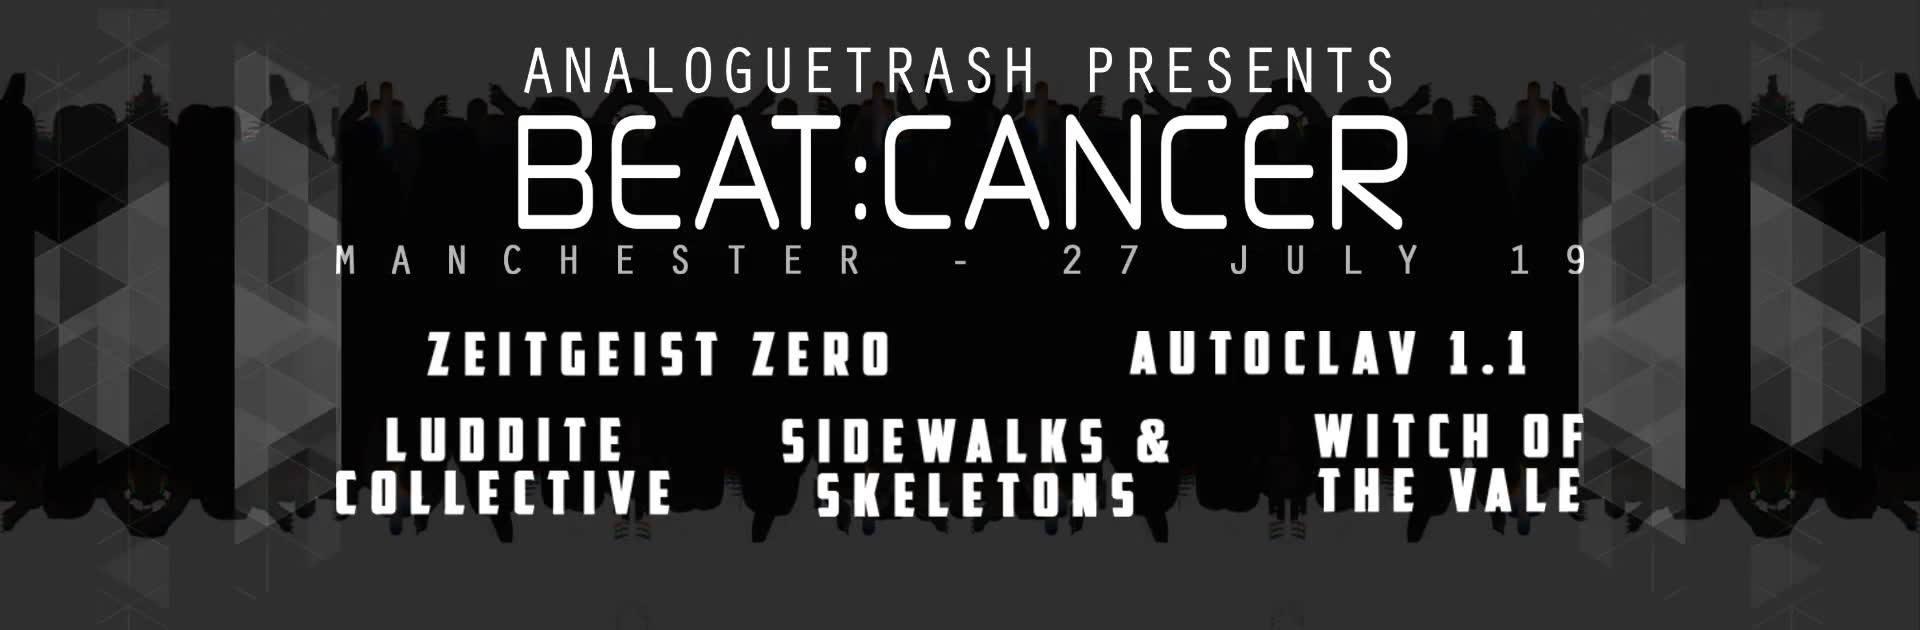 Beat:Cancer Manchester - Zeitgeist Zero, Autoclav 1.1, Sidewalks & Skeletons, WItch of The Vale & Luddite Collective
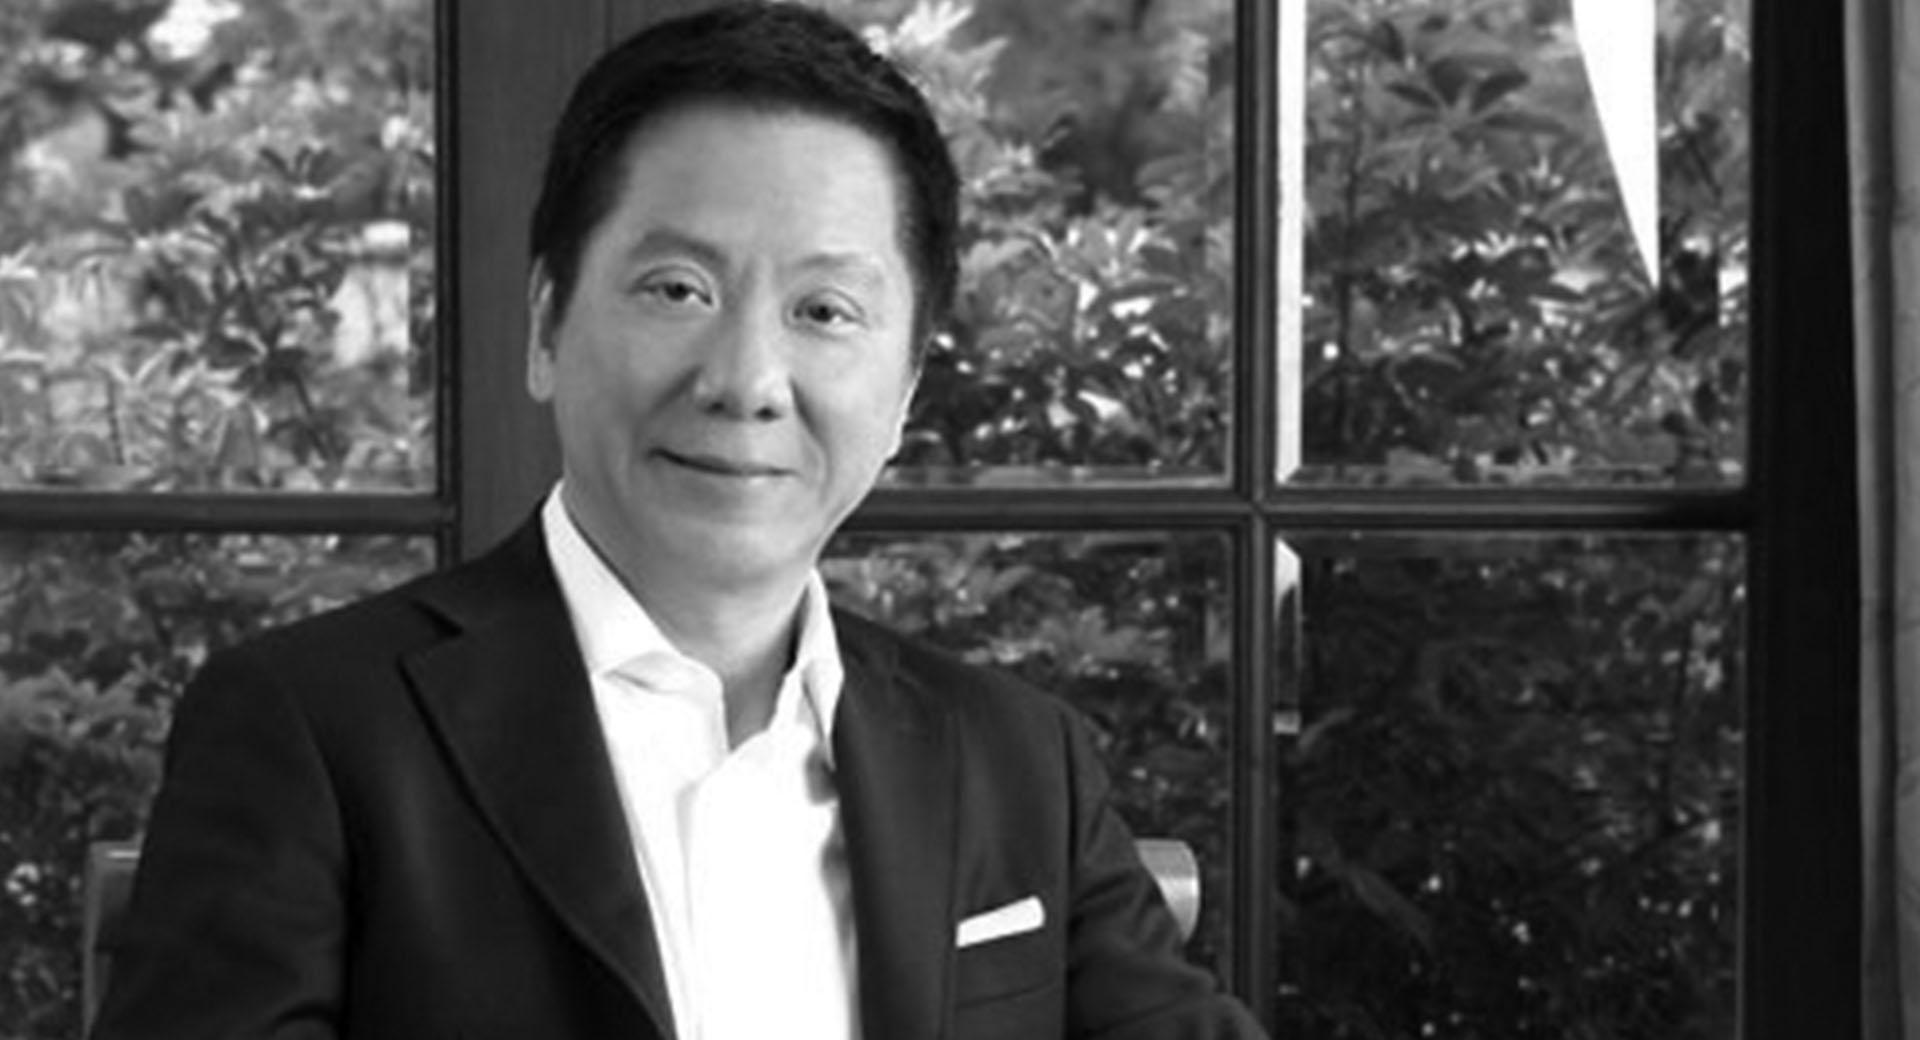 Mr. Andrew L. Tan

==

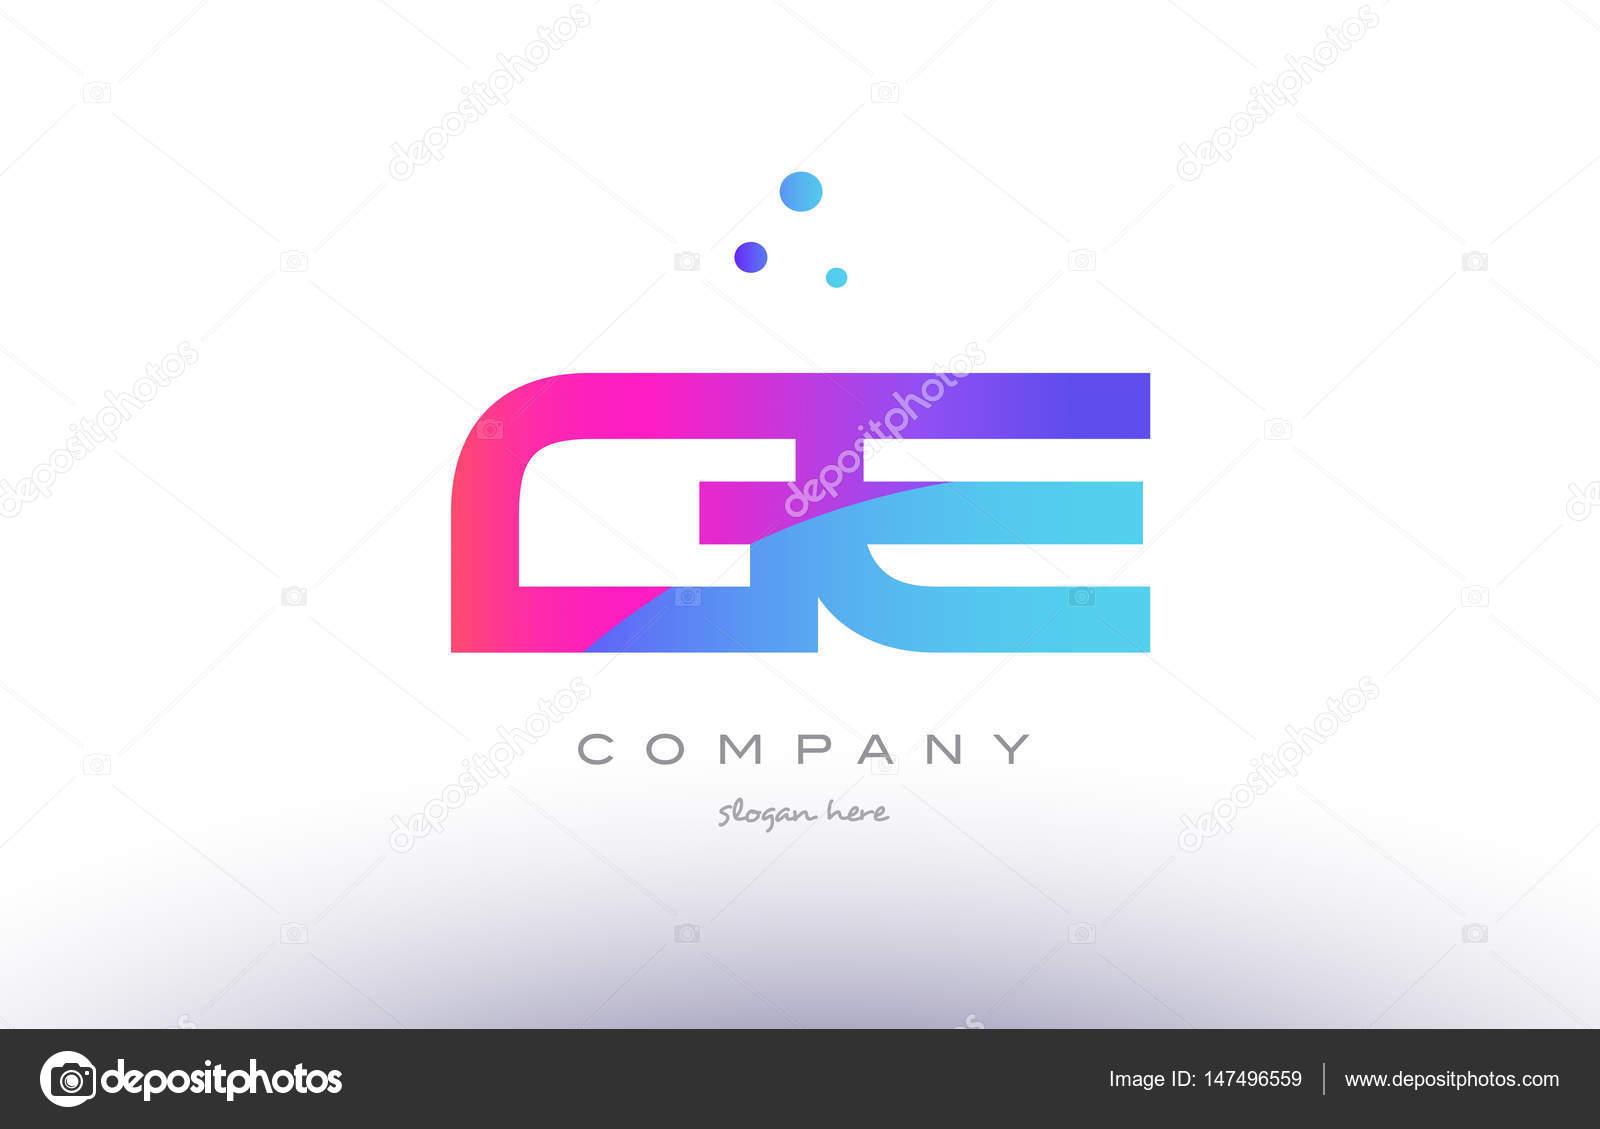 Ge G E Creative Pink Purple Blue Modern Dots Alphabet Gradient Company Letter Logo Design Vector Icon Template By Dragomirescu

§ WHAT YOU WILL DO
Only the lines starting at the one with "Beat:Cancer Manchester - Zeitgeist" and ending at the one with "Mr. Andrew L. Tan" should be printed, each exactly as it appears in the material above; the pictures are to be omitted.

§ WRITTEN SOLUTION
 Beat:Cancer Manchester - Zeitgeist Zero, Autoclav 1.1, Sidewalks & Skeletons, WItch of The Vale & Luddite Collective
 Mr. Andrew L. Tan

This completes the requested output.